Summary Prerequisites and limitations Architecture Tools Best practices Epics Related resources Additional information

Migrate Oracle CLOB values to individual rows in PostgreSQL on AWS

Created by Sai Krishna Namburu (AWS) and Sindhusha Paturu (AWS)

Environment: PoC or pilot	Source: Oracle Database	Target: Aurora PostgreSQL-Compatible or Amazon RDS for PostgreSQL
R Type: Replatform	Workload: Oracle; Open-source	Technologies: Migration; Storage & backup; Databases
AWS services: Amazon Aurora; AWS DMS; Amazon S3; Amazon RDS

Summary

This pattern describes how to split Oracle character large object (CLOB) values into individual rows in Amazon Aurora PostgreSQL-Compatible Edition and Amazon Relational Database Service (Amazon RDS) for PostgreSQL. PostgreSQL doesn’t support the CLOB data type.

Tables with interval partitions are identified in the source Oracle database, and the table name, the type of partition, the interval of the partition, and other metadata are captured and loaded into the target database. You can load CLOB data that is less than 1 GB in size into target tables as text by using AWS Database Migration Service (AWS DMS), or you can export the data in CSV format, load it into an Amazon Simple Storage Service (Amazon S3) bucket, and migrate it to your target PostgreSQL database.

After migration, you can use the custom PostgreSQL code that is provided with this pattern to split the CLOB data into individual rows based on the new line character identifier (CHR(10)) and populate the target table.

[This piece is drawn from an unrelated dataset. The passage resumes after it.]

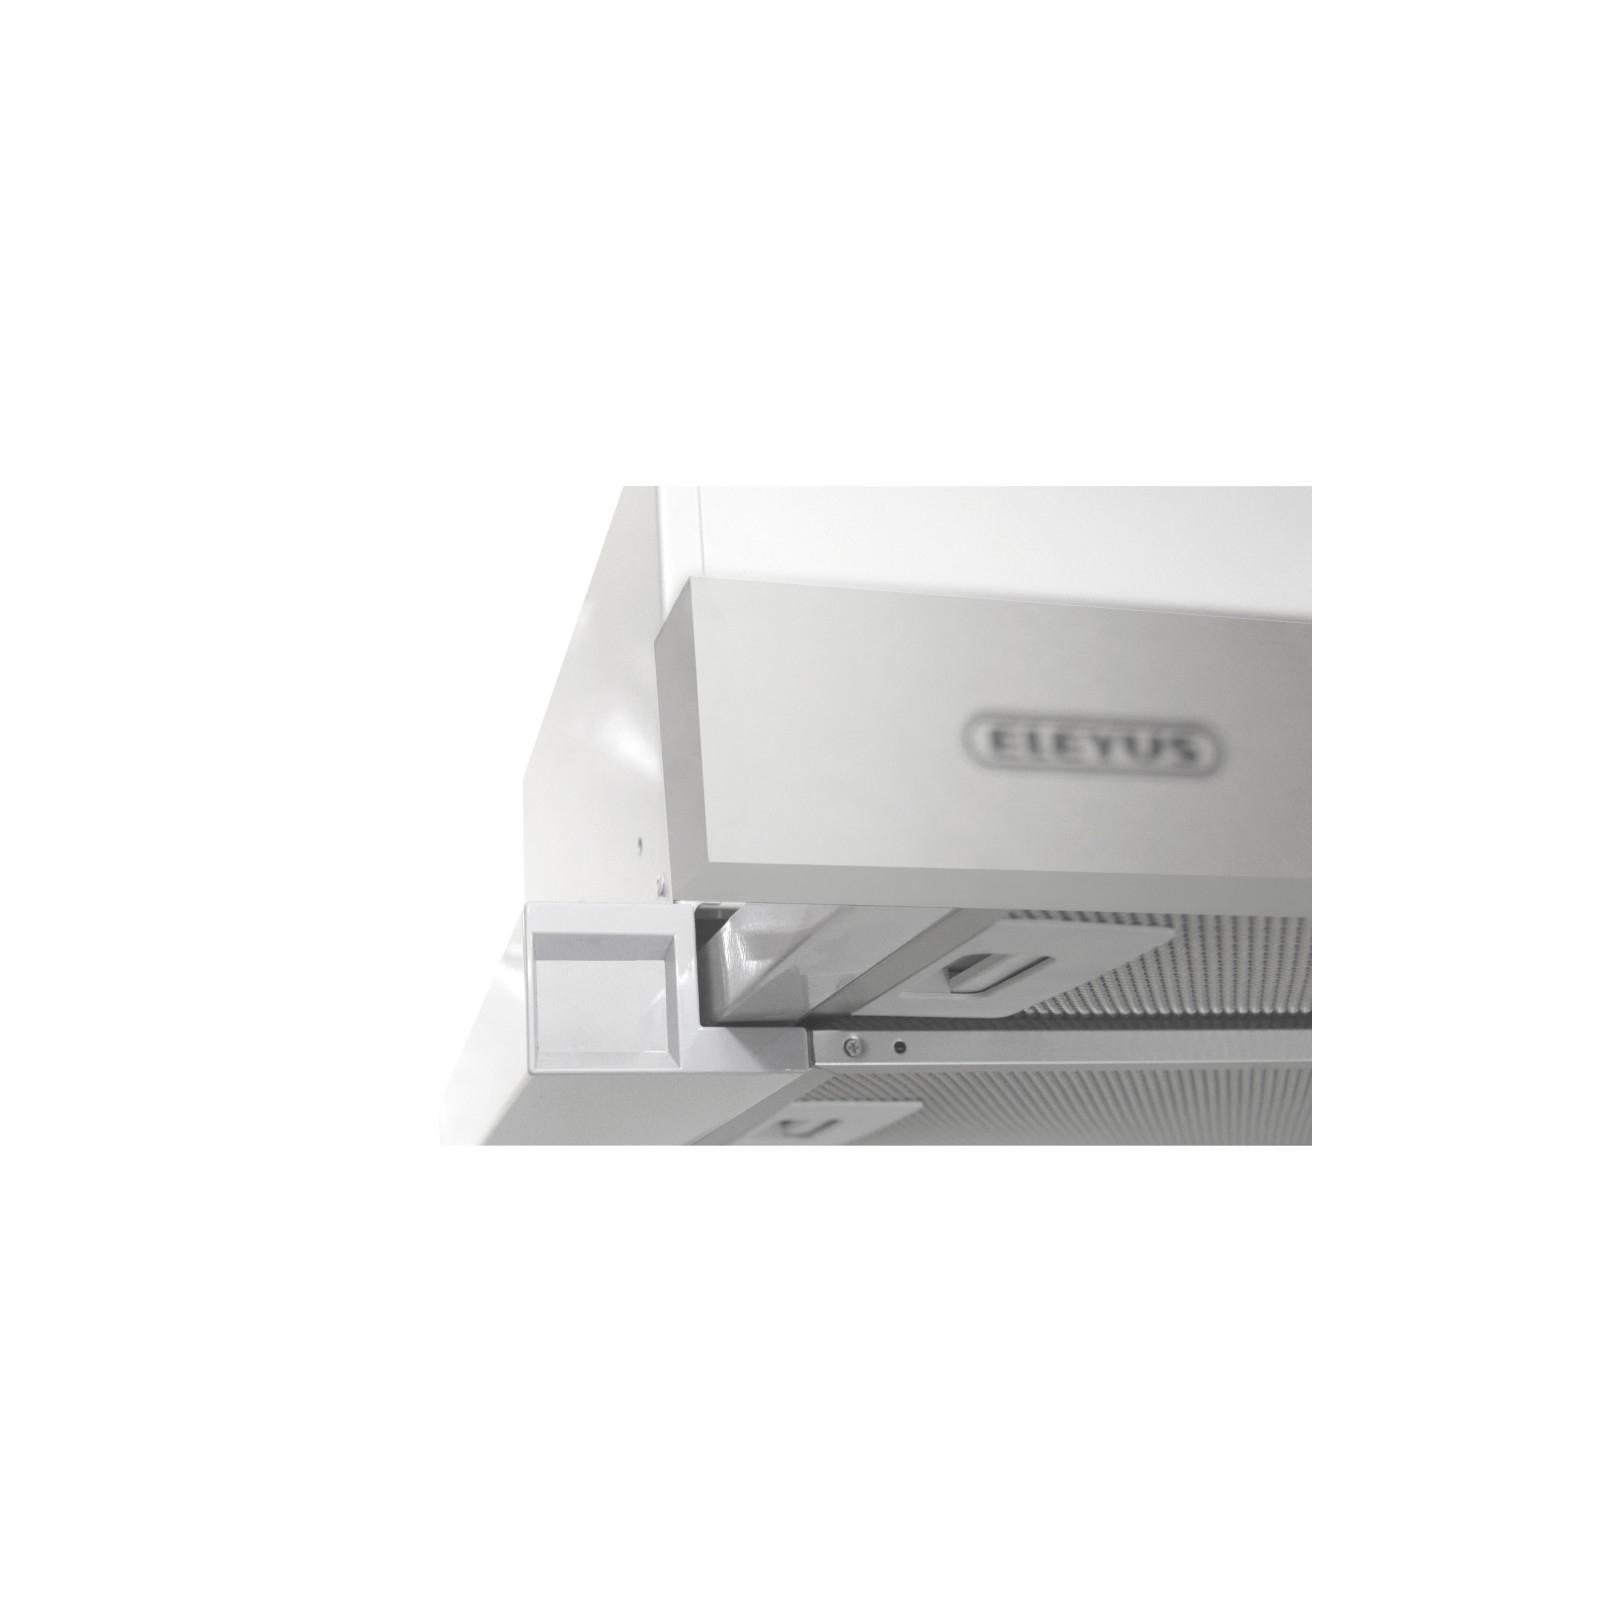 Вытяжка кухонная Eleyus Cyclon 700 50 IS+GR изображение 9

Prerequisites and limitations

Prerequisites

An Oracle database table that has interval partitions and records with a CLOB data type.
An Aurora PostgreSQL-Compatible or Amazon RDS for PostgreSQL database that has a table structure that’s similar to the source table (same columns and data types).

Limitations

The CLOB value cannot exceed 1 GB.
Each row in the target table must have a new line character identifier.

Product versions

Oracle 12c
Aurora Postgres 11.6

Architecture

The following diagram shows a source Oracle table with CLOB data, and the equivalent PostgreSQL table in Aurora PostgreSQL-Compatible version 11.6.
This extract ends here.